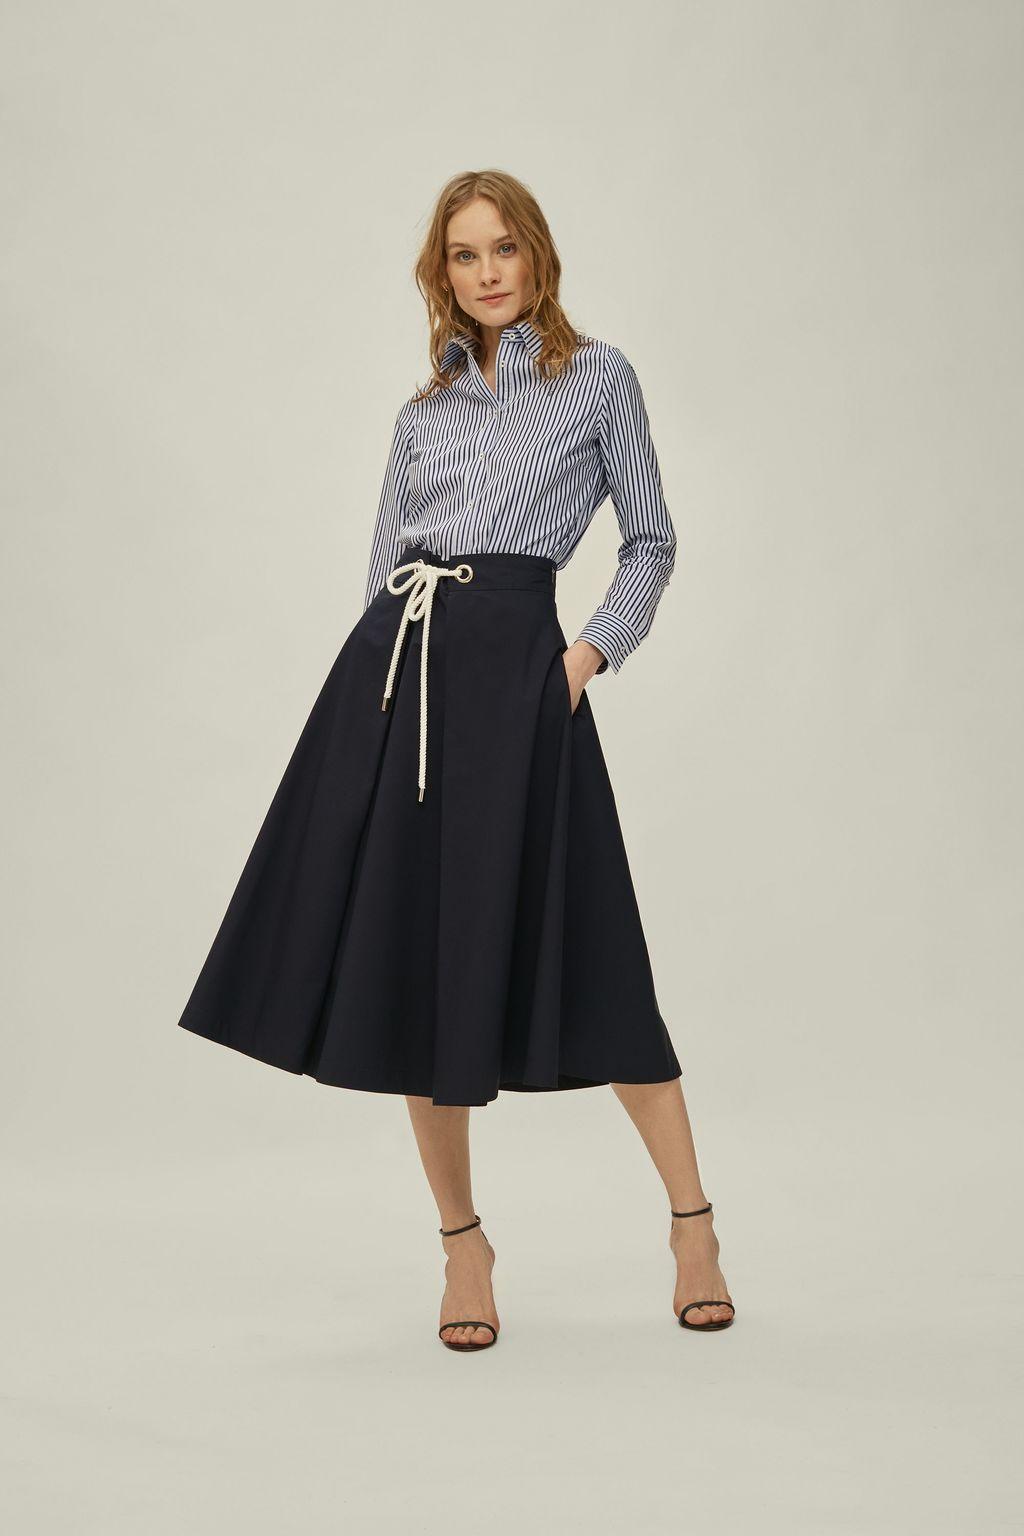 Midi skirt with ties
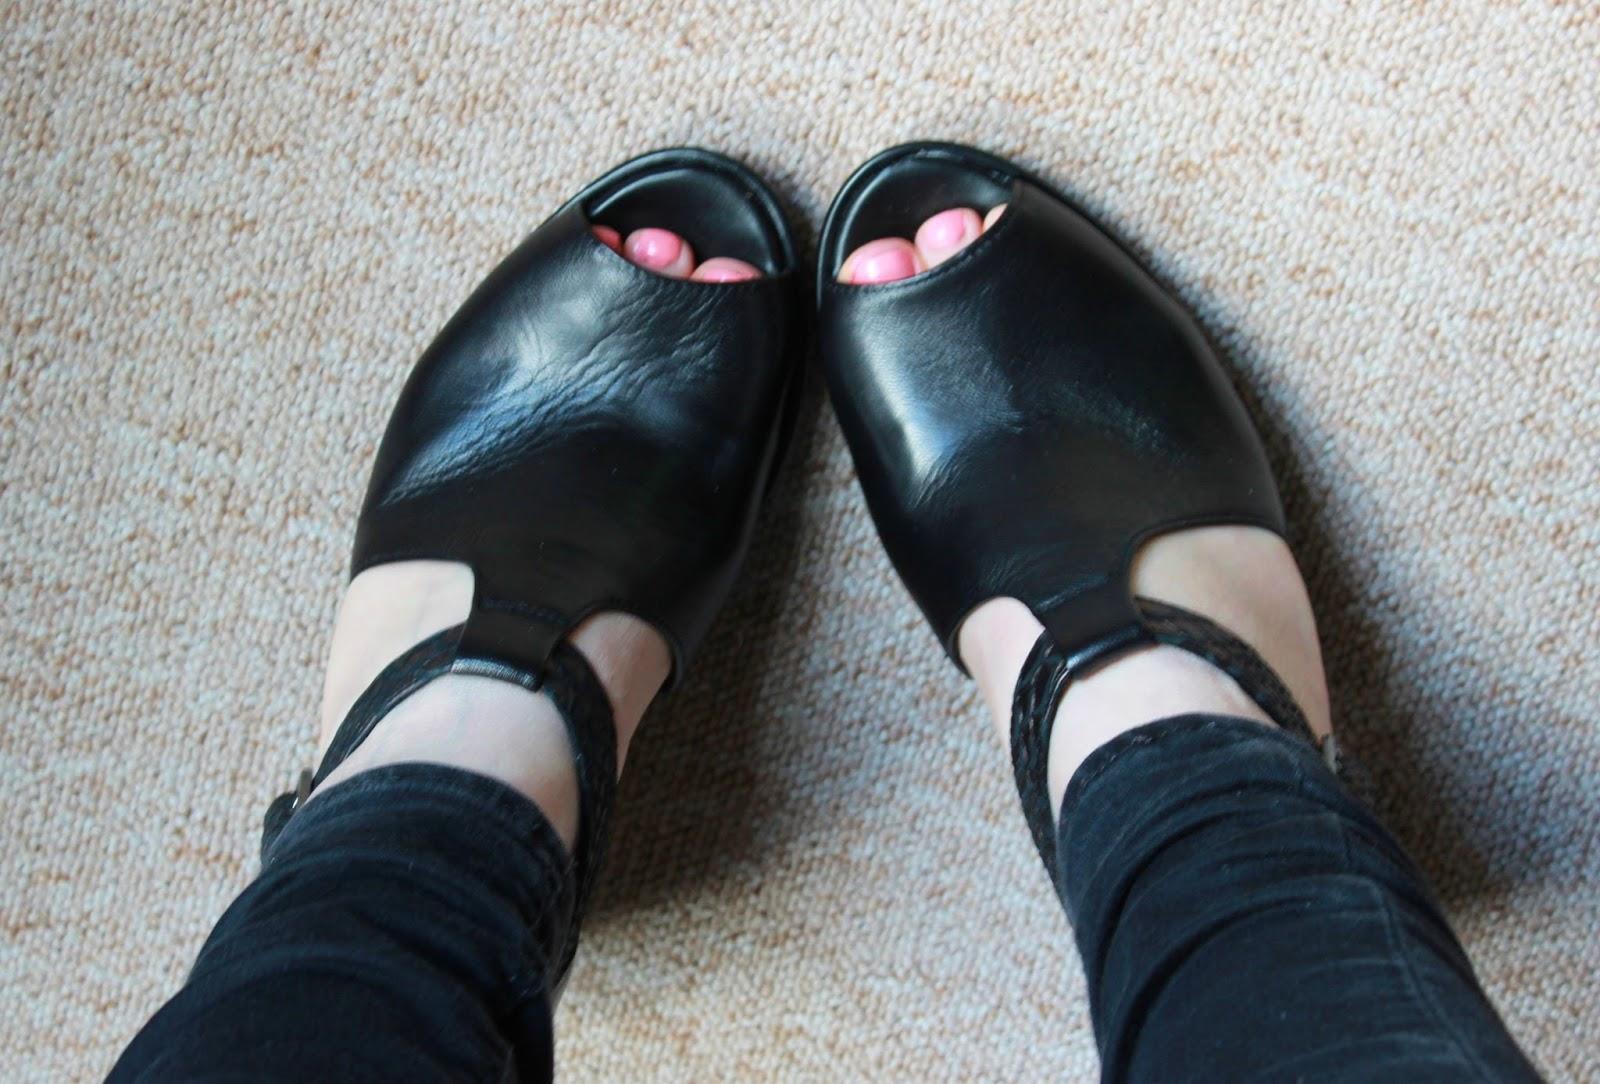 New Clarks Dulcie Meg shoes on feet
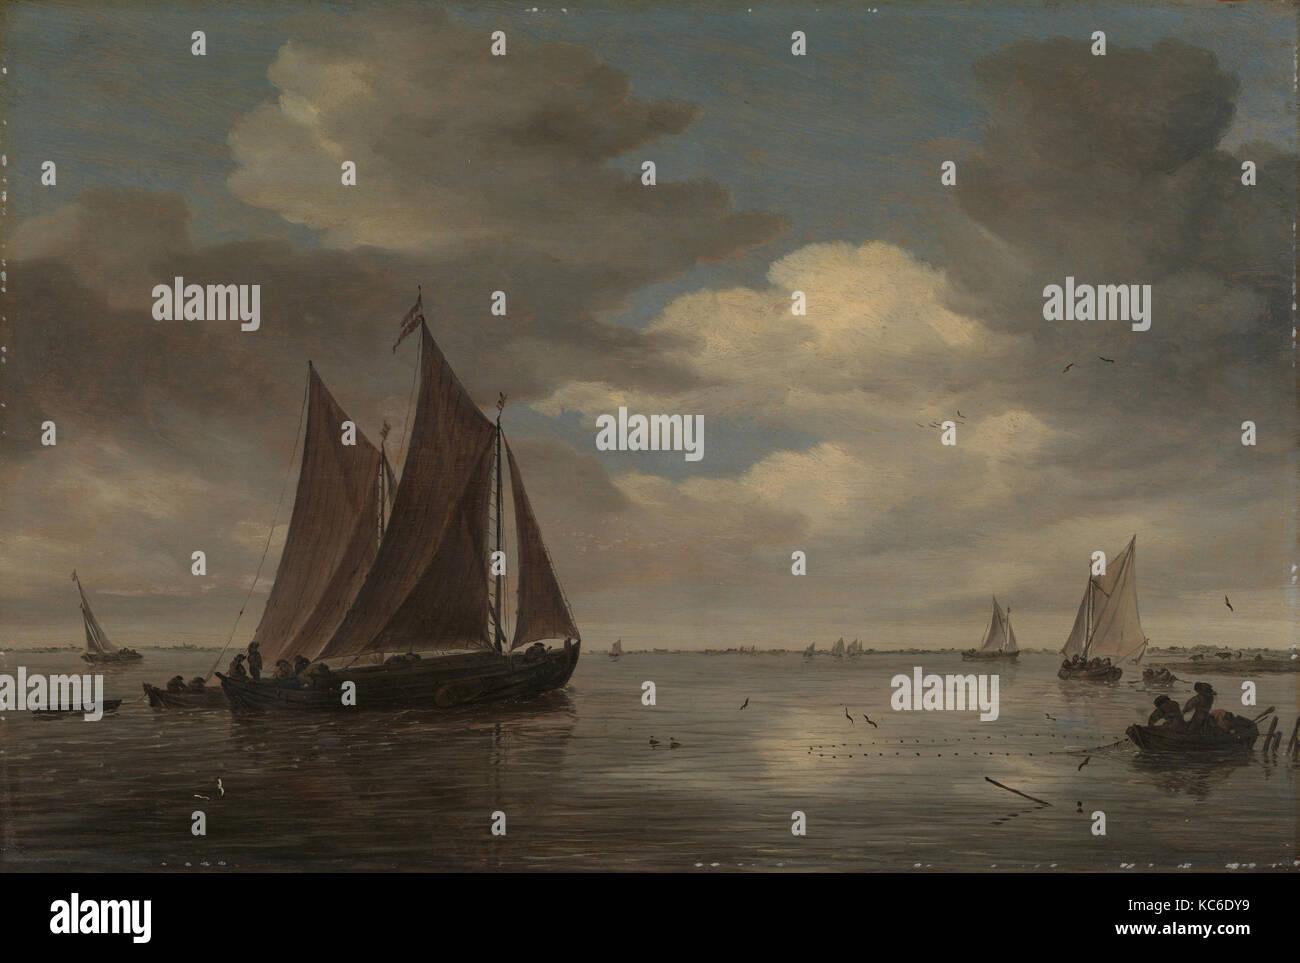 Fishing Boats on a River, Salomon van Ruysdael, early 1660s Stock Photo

(PROBLEM TO SOLVE) Reproduce the full material exactly, excluding the pictures.

(EXPECTED OUTPUT)
 Midi skirt with ties
 New Clarks Dulcie Meg shoes on feet
 Fishing Boats on a River, Salomon van Ruysdael, early 1660s Stock Photo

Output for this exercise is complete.